On 14 December 2024, the bodies of 12 individuals were discovered in a quarters billet of an Indian restaurant in Gudauri, Georgia. The victims were employees of the restaurant, and included 11 Indian nationals and one Georgian citizen.

It was the worst accident in the region since a helicopter crash in 2022, where eight people died.

== Background ==
In Gudauri, there was an Indian restaurant, Havel, where mostly Indian employees worked. The restaurant was in the building on the first floor, while the workers had lodgings on the second floor.

== Tragedy ==
The day before the accident, there was a storm in Gudauri that caused a power outage. In order to be able to heat the lodgings, electric generators using fuel oil were placed in a closed area near the rooms. Fumes from the generator caused carbon monoxide poisoning.

The victims later felt nauseous from the carbon monoxide and were unable to escape. On the second day, the restaurant owner discovered the corpses.

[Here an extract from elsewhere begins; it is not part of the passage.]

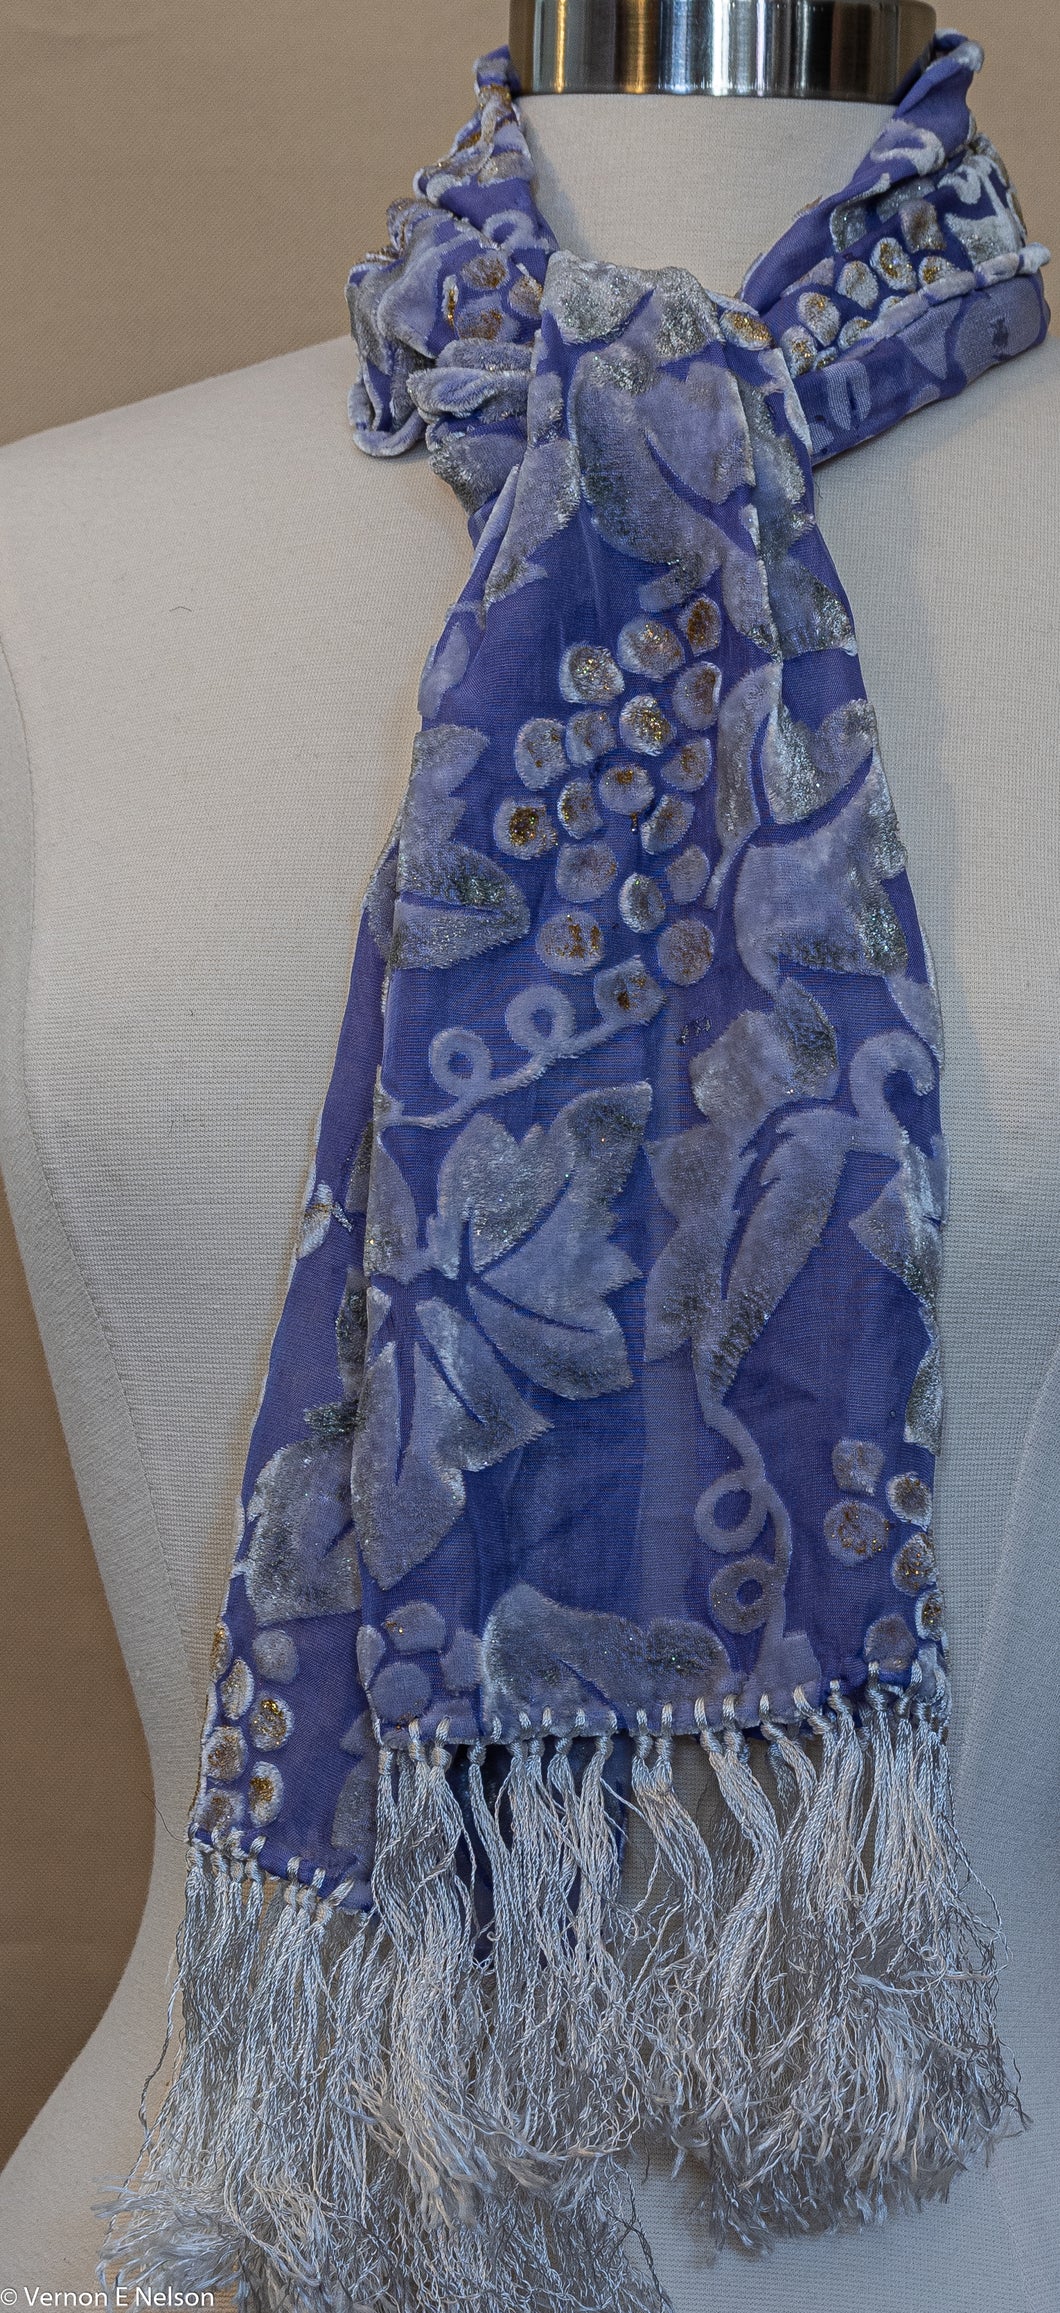 Silk Velvet Scarf  -  Know any Women Who Wine? - Blues/Lilac

The bodies showed no signs of violence, ruling out foul play.

== Victims ==
In the accident 12 people were killed, all of whom were restaurant workers. Eleven of them had Indian citizenship, and one person was a 25-year-old Georgian woman who worked as a waitress in the restaurant. The Indian citizens were natives of Punjab. Among them were a married couple. Most of the Indian victims recently moved to Georgia in search of employment opportunities.

== Results ==
The incident quickly went viral on social media, where users expressed grief and outrage, particularly over potential lapses in safety standards. Government officials and community leaders called for stricter enforcement of safety regulations regarding the use of power generators, while Indian diplomatic representatives coordinated with Georgian authorities to assist in repatriating the victims' remains.